Teradata Tools and Utilities Access Module Reference

prodname
Access Module
vrm_release
15.10
category
Programming Reference
featnum
B035-2425-035K

Character Set Support

The following session character sets are supported for transferring data:

  • UTF‑8: Preferred character set because it accommodates a superset of characters handled by the other character sets.
  • UTF16: Ensure data source and OLE DB provider used to connect source/destination database supports UNICODE characters while using UTF‑16 session character set.
  • ASCII: The Teradata OLE DB Access Module uses the code page of the system locale (also called the system default ANSI code page) when using ASCII. Teradata’s ASCII character set does not match Microsoft’s code page, so character conversions produce minor differences. If an exact match is required, use the UTF‑8 session character set.
  • Note: Previous versions of the Teradata OLE DB Access Module used the ANSI‑Latin1 (1252) code page when the ASCII session character set was used, regardless of the system locale.

  • KANJISJIS_0S: Teradata’s Kanji_SJIS character set does not exactly match Microsoft’s Japanese Shift‑JIS code page, so character conversions produce minor differences. If an exact match is required, use the UTF‑8 session character set.
  • LATIN1252_0A: All UNICODE character strings transferred to the Teradata Database are converted to ANSI‑Latin 1 by the Teradata OLE DB Access Module before being passed to a Teradata utility.
  • ANSI‑Latin1 (1252) Code Page

    When the ASCII character set is specified, the Teradata OLE DB Access Module uses the code page of the system locale. If the code page of the system locale is one in which some characters consume more than one byte, the Teradata OLE DB Access Module can return longer character fields during execution of a load job than if the 1252 code page were used. Teradata OleLoad generates load job scripts that account for this change.
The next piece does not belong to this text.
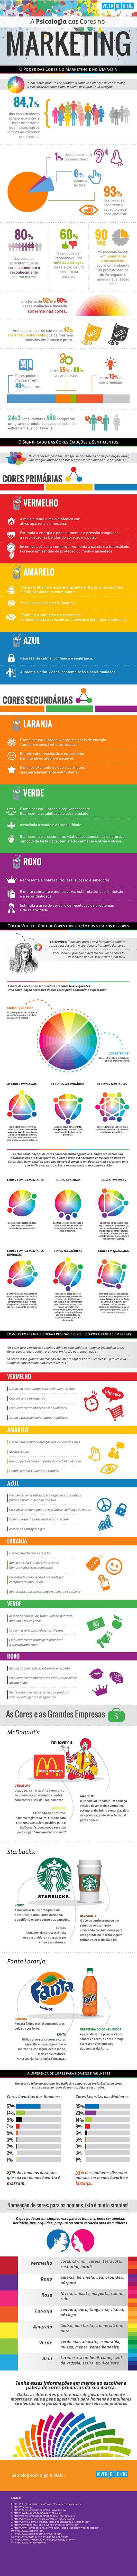 Infográfico Psicologia Cores 600 [Infográfico] A Psicologia das Cores no Marketing e no Dia a Dia

    Update any existing scripts. For example, a system locale of “Chinese (Taiwan)” has a code page of 950, which has a maximum character size of 2 B. If existing FastLoad job scripts using the ASCII session character set to load character data from the Teradata OLE DB Access Module, update the scripts to account for the fact that there may be 2 B per character. For example, double the value of <n> in CHAR(<n>) and VARCHAR(<n>) fields located in the CREATE TABLE and DEFINE statements included in the FastLoad job scripts.

    Session Character Sets

    All Teradata utilities notify the Teradata OLE DB Access Module about the session character set they use.

    To set session character sets, specify the character set name as follows:

  • For jobs launched from the Teradata OleLoad GUI, specify the session character set in the Advanced Settings dialog box.
  • For jobs launched without the Teradata OleLoad GUI, specify a character set name as follows:
  • Teradata FastExport, Teradata MultiLoad, or Teradata TPump – Specify the ‑c character‑set‑name parameter at runtime in the command line to set the session character set name.
  • BTEQ or Teradata FastLoad – Specify the .SET SESSION CHARSET command in a script.
  • Teradata PT – Specify the USING CHAR(ACTER) SET charset‑id phrase in the Teradata PT job script.